Our conversation is silent but waiting on chance. The chance to express, I contain my words and study your eyes as they slowly blink to warn me you are entering a zone of creativity and I must remain still. I lower my eyes as requested lifting them cautiously to catch your gaze in a brief but mischievous moment taken from my youth.

We transcend and images form. To set the stage you must study the scene. Your attire, I note, worn on tradition reflects the importance of texture.

Theatrical painted screens placed behind me. Who am I to be created amidst this colour? To be adorned over some fireplace or at the top of the stairs. You do not know me at all I confidently assume.

Your starched white collar holds your head to attention and keeps you in a world of conformity. You on one side and an image of me on the other.
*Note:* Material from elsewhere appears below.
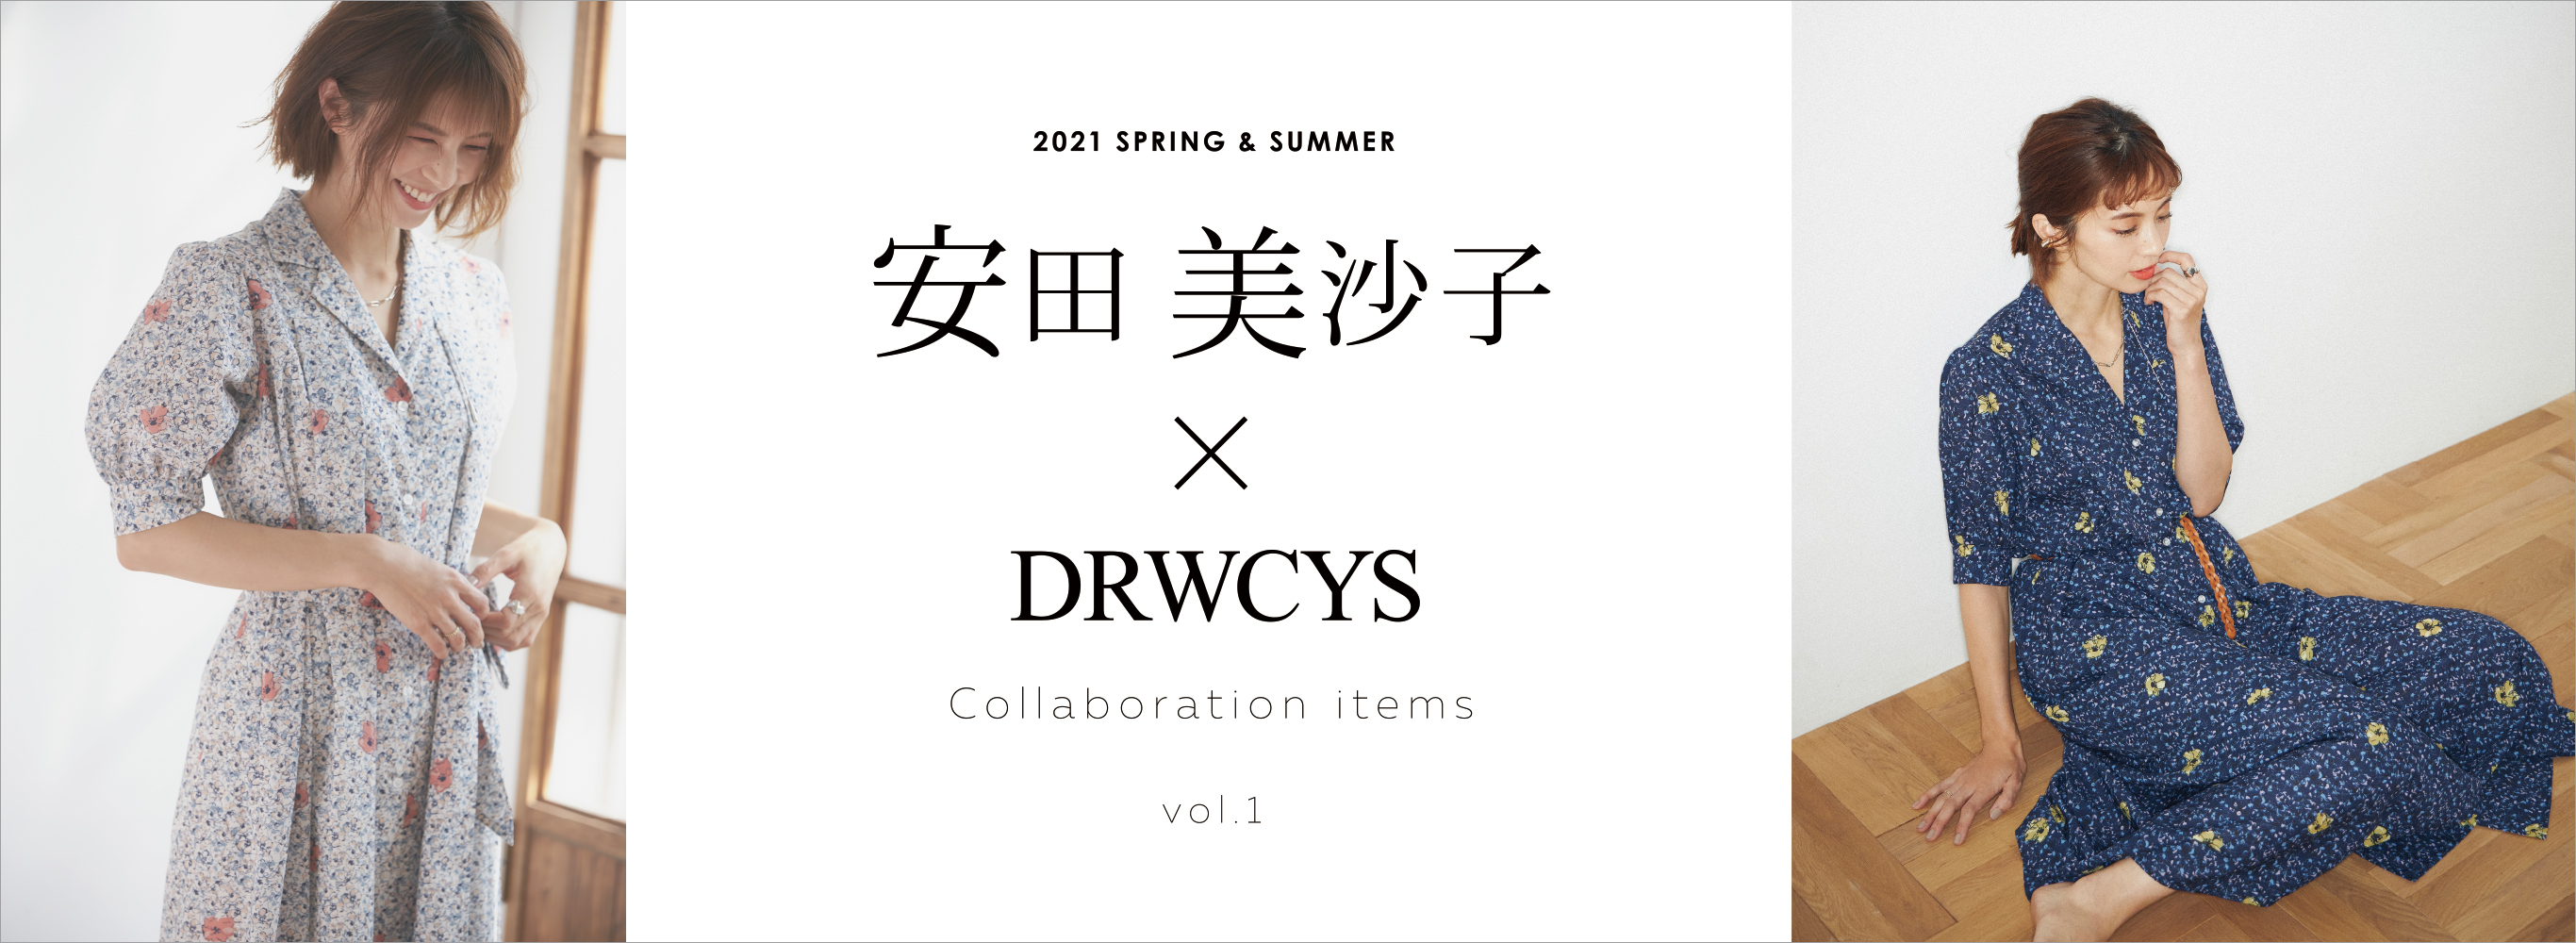 cq~DRWCYS Collaboration items

Rosetti runs a finger under my hair and sweeps it to the back of my neck, he lifts my chin. You see him clearly, his ghostly presence fussing with the minor detail. But my chin is defiant which you require for the scene to tell your story. I feel your gratitude and respect to his openness.

I think of you as a man fighting the world and squeezing in your anger that aches in the depths of all your reasoning.  A secret you do not wish to hold and yet must keep silent and free from fear.  It burns and festers inside you then dripping out from a paint brush loaded and heavy, you attempt to tell your story, the intimate details with no blurred lines. It is between you and God, only God to beg for forgiveness – Hail Mary. Speak out loud! If only.

We pay your bills but do not speak for you or of you, only in the dimly lit dining rooms of country houses.  I maybe the wife of a politician, depicted on canvas and silenced by her lack of words but I could caress you and let you cry into my shoulder. I sense you need it however distasteful you would find my caresses.

You gesture me to lean forward slightly, when the voice of a young man cries out in the distance.  There is frustration in his voice as he calls out your name. You breathe and smile, and I see love in an instant as your eyes fight to contain emotion. You are warmly amused.

You turn back to colour, it is warm and golden, and you start to create what you feel.  Without your vision we are a cold blank canvas. Without it we would all be empty and lost in direction. Who has the right to deny love which colour your thoughts by heaven above?

Thank God for art and colour and paint and cold blank spaces to fill our hearts. Thanks to all who can see heaven.

I ponder the question. Did you know the strength of love when you met your soldier? How misplaced you must have felt in the bland and brutal colours of war. Where life had no value amongst your God and Glory.

Did you use me to bring what they call respectability into your world of secrecy? that through no fault of your own you have to search a way of explaining yourself through paint, glaze and sculpture? You ask me for a second time to lower my gaze. Our eyes refuse to meet, yet I envy your world of love and passion, your delight in the richness of elegance that only wraps me in chains. You see what I cannot feel, and feel what I cannot see, and I am in sorrow hoping that one day we can both escape that which keeps us in silence.

Lauren Staton Thoughts of the artists sitter.